As regards memory overhead, we observed that a linear growth with an increase in the number
of hosts and the total memory usage never grew beyond 320MB even for larger system sizes. This
result indicated an improvement in the performance of the recent version of CloudSim (2.0) as
compared with the version that was built based on SimJava simulation core [20]. The earlier version
incurred an exponential growth in memory utilization for experiments with similar configurations.
The next test was aimed at validating the correctness of functionalities offered by CloudSim.
The simulation environment consisted of a data center with 10 000 hosts where each host was
modeled to have a single CPU core (1200 MIPS), 4GB of RAM memory, and 2 TB of storage. The
provisioning policy for VMs was space-shared that allowed one VM to be active in a host at a given
instance of time. We configured the end-user (through the DatacenterBroker) to request creation
and instantiation of 50VMs that had the following constraints: 1024MB of physical memory, 1
CPU core, and 1GB of storage. The application granularity was modeled to be composed of 300
task units, with each task unit requiring 1 440 000 million instructions (20 min in the simulated
hosts) to be executed on a host. Since networking was not the focus of this study, therefore minimal
data transfer (300 kB) overhead was considered for the task units (to and from the data center).
After the creation of VMs, task units were submitted in small groups of 50 (one for each VM)

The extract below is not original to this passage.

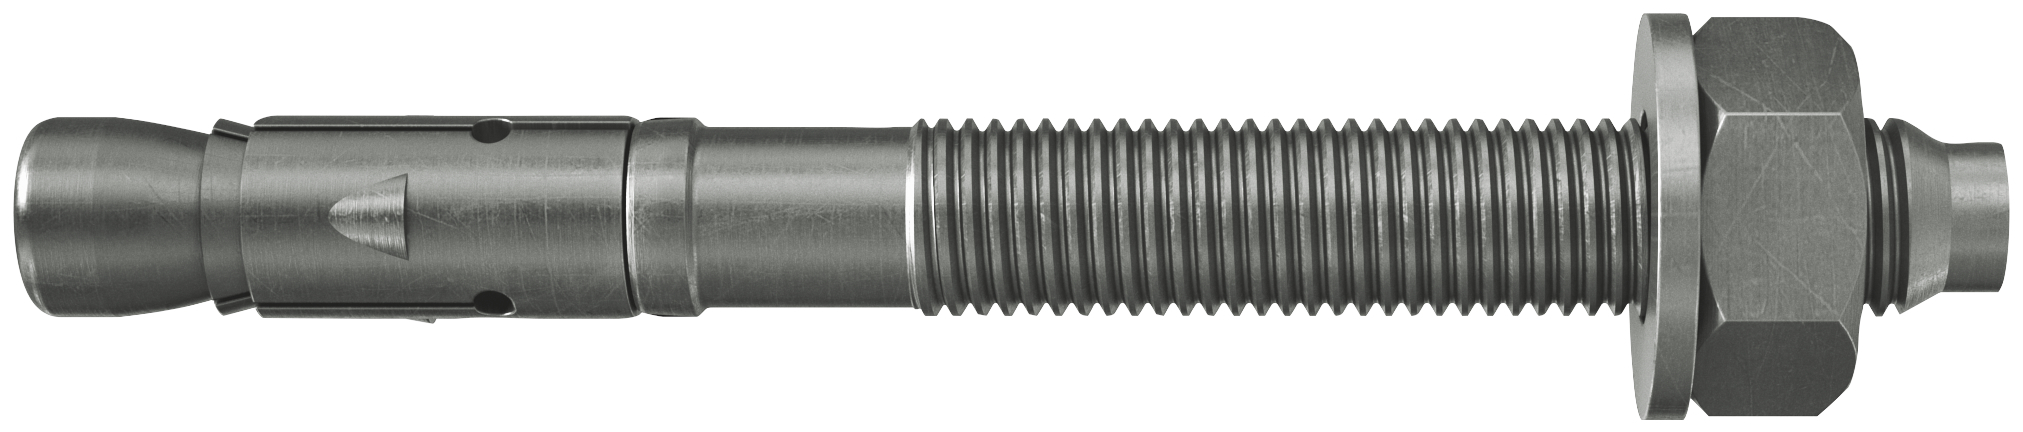 fischer Tassello acciaio FAZ II 12/50 A4 (20 Pz.) L'ancorante ad espansione ad alte prestazioni per carichi statici su calcestruzzo fessurato e per applicazioni sismiche. Versione in acciaio inossidabile con classe di resistenza alla corrosione CRC III..

at an inter-arrival delay of 10 min. The VMs were configured to apply both space-shared and timeshared
policies for provisioning tasks units to the processing cores. Figures 11(a) and (b) present
task units’ progress status with the increase in simulation steps (time) for multiple provisioning
policies (space-shared and time-shared). As expected, in the space-shared mode, every task took
20 min for completion as they had dedicated access to the processing core. In space-shared mode,
the arrival of new task did not have any effect on the tasks under execution. Every new task was
simply queued in for future consideration. However, in the time-shared mode, the execution time
of each task varied with an increase in the number of submitted task units. Time-shared policy for
allocating task units to VMs had a significant effect on execution times, as the processing core was
massively context switched among the active tasks. The first group of 50 tasks had a slightly better
response time as compared with the latter groups. The primary cause for this being that the task
units in the latter groups had to deal with comparatively an over-loaded system (VMs). However,
at the end of the simulation as system became less loaded, the response times improved (see
Figure 11). These are the expected behaviors for both policies considering the experiment input.
Hence, the results showed that policies and components of CloudSim are correctly implemented.